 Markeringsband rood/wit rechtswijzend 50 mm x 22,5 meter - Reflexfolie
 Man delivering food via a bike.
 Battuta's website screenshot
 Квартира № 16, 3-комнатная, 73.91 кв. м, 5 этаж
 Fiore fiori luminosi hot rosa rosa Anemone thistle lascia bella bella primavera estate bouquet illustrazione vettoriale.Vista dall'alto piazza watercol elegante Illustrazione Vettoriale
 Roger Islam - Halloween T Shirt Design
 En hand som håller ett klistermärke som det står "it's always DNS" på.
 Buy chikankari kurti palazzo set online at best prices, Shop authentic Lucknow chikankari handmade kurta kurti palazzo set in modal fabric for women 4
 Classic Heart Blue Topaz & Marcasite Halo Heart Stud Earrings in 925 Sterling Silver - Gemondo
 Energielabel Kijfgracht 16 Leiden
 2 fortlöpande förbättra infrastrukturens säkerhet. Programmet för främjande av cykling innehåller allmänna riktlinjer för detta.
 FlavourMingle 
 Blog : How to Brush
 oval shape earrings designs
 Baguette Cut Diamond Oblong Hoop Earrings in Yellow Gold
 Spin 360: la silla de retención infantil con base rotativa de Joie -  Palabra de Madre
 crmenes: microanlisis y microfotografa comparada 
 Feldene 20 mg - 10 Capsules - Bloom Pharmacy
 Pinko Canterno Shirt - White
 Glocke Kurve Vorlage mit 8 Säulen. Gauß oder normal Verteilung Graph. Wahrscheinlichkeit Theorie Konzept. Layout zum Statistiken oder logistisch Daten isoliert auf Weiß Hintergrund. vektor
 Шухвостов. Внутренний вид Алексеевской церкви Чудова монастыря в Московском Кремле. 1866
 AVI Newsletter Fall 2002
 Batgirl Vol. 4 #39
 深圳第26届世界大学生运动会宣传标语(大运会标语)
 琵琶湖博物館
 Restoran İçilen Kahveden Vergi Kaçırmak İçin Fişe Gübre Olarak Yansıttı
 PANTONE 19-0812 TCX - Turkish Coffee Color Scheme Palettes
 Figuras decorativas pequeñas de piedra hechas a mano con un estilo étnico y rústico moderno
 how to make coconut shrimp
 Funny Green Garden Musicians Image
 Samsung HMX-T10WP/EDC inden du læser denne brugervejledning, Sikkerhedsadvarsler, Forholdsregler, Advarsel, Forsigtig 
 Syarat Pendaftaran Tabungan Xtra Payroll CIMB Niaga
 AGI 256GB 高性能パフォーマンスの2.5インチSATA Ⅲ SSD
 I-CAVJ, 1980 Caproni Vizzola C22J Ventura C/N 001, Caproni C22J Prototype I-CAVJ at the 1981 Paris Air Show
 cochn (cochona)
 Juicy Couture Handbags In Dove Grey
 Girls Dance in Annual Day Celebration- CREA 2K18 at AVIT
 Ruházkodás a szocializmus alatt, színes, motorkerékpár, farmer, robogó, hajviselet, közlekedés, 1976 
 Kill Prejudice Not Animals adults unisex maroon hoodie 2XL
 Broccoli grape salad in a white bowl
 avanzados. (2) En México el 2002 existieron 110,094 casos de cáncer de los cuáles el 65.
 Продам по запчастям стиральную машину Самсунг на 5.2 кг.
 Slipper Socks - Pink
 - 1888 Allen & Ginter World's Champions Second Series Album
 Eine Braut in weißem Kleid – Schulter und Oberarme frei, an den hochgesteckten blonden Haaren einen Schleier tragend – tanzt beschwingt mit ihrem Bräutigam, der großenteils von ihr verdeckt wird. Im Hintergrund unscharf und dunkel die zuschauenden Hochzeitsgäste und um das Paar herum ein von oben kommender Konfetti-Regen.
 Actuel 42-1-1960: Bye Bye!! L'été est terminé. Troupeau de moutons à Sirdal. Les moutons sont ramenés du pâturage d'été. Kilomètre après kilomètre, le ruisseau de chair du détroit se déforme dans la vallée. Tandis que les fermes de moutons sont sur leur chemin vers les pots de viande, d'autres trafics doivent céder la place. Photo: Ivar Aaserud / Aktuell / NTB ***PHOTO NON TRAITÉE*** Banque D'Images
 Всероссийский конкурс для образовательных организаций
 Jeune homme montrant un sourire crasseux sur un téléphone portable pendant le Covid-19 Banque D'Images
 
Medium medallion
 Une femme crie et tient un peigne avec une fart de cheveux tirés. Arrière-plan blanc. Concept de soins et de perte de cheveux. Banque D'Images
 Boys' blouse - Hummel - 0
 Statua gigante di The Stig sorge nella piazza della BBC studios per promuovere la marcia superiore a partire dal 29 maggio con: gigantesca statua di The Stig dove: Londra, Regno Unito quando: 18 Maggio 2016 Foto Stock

- **The task**: Each line of the records belongs in the answer, reproduced exactly.

- **Your response**:
 Markeringsband rood/wit rechtswijzend 50 mm x 22,5 meter - Reflexfolie
 Man delivering food via a bike.
 Battuta's website screenshot
 Квартира № 16, 3-комнатная, 73.91 кв. м, 5 этаж
 Fiore fiori luminosi hot rosa rosa Anemone thistle lascia bella bella primavera estate bouquet illustrazione vettoriale.Vista dall'alto piazza watercol elegante Illustrazione Vettoriale
 Roger Islam - Halloween T Shirt Design
 En hand som håller ett klistermärke som det står "it's always DNS" på.
 Buy chikankari kurti palazzo set online at best prices, Shop authentic Lucknow chikankari handmade kurta kurti palazzo set in modal fabric for women 4
 Classic Heart Blue Topaz & Marcasite Halo Heart Stud Earrings in 925 Sterling Silver - Gemondo
 Energielabel Kijfgracht 16 Leiden
 2 fortlöpande förbättra infrastrukturens säkerhet. Programmet för främjande av cykling innehåller allmänna riktlinjer för detta.
 FlavourMingle 
 Blog : How to Brush
 oval shape earrings designs
 Baguette Cut Diamond Oblong Hoop Earrings in Yellow Gold
 Spin 360: la silla de retención infantil con base rotativa de Joie -  Palabra de Madre
 crmenes: microanlisis y microfotografa comparada 
 Feldene 20 mg - 10 Capsules - Bloom Pharmacy
 Pinko Canterno Shirt - White
 Glocke Kurve Vorlage mit 8 Säulen. Gauß oder normal Verteilung Graph. Wahrscheinlichkeit Theorie Konzept. Layout zum Statistiken oder logistisch Daten isoliert auf Weiß Hintergrund. vektor
 Шухвостов. Внутренний вид Алексеевской церкви Чудова монастыря в Московском Кремле. 1866
 AVI Newsletter Fall 2002
 Batgirl Vol. 4 #39
 深圳第26届世界大学生运动会宣传标语(大运会标语)
 琵琶湖博物館
 Restoran İçilen Kahveden Vergi Kaçırmak İçin Fişe Gübre Olarak Yansıttı
 PANTONE 19-0812 TCX - Turkish Coffee Color Scheme Palettes
 Figuras decorativas pequeñas de piedra hechas a mano con un estilo étnico y rústico moderno
 how to make coconut shrimp
 Funny Green Garden Musicians Image
 Samsung HMX-T10WP/EDC inden du læser denne brugervejledning, Sikkerhedsadvarsler, Forholdsregler, Advarsel, Forsigtig 
 Syarat Pendaftaran Tabungan Xtra Payroll CIMB Niaga
 AGI 256GB 高性能パフォーマンスの2.5インチSATA Ⅲ SSD
 I-CAVJ, 1980 Caproni Vizzola C22J Ventura C/N 001, Caproni C22J Prototype I-CAVJ at the 1981 Paris Air Show
 cochn (cochona)
 Juicy Couture Handbags In Dove Grey
 Girls Dance in Annual Day Celebration- CREA 2K18 at AVIT
 Ruházkodás a szocializmus alatt, színes, motorkerékpár, farmer, robogó, hajviselet, közlekedés, 1976 
 Kill Prejudice Not Animals adults unisex maroon hoodie 2XL
 Broccoli grape salad in a white bowl
 avanzados. (2) En México el 2002 existieron 110,094 casos de cáncer de los cuáles el 65.
 Продам по запчастям стиральную машину Самсунг на 5.2 кг.
 Slipper Socks - Pink
 - 1888 Allen & Ginter World's Champions Second Series Album
 Eine Braut in weißem Kleid – Schulter und Oberarme frei, an den hochgesteckten blonden Haaren einen Schleier tragend – tanzt beschwingt mit ihrem Bräutigam, der großenteils von ihr verdeckt wird. Im Hintergrund unscharf und dunkel die zuschauenden Hochzeitsgäste und um das Paar herum ein von oben kommender Konfetti-Regen.
 Actuel 42-1-1960: Bye Bye!! L'été est terminé. Troupeau de moutons à Sirdal. Les moutons sont ramenés du pâturage d'été. Kilomètre après kilomètre, le ruisseau de chair du détroit se déforme dans la vallée. Tandis que les fermes de moutons sont sur leur chemin vers les pots de viande, d'autres trafics doivent céder la place. Photo: Ivar Aaserud / Aktuell / NTB ***PHOTO NON TRAITÉE*** Banque D'Images
 Всероссийский конкурс для образовательных организаций
 Jeune homme montrant un sourire crasseux sur un téléphone portable pendant le Covid-19 Banque D'Images
 
Medium medallion
 Une femme crie et tient un peigne avec une fart de cheveux tirés. Arrière-plan blanc. Concept de soins et de perte de cheveux. Banque D'Images
 Boys' blouse - Hummel - 0
 Statua gigante di The Stig sorge nella piazza della BBC studios per promuovere la marcia superiore a partire dal 29 maggio con: gigantesca statua di The Stig dove: Londra, Regno Unito quando: 18 Maggio 2016 Foto Stock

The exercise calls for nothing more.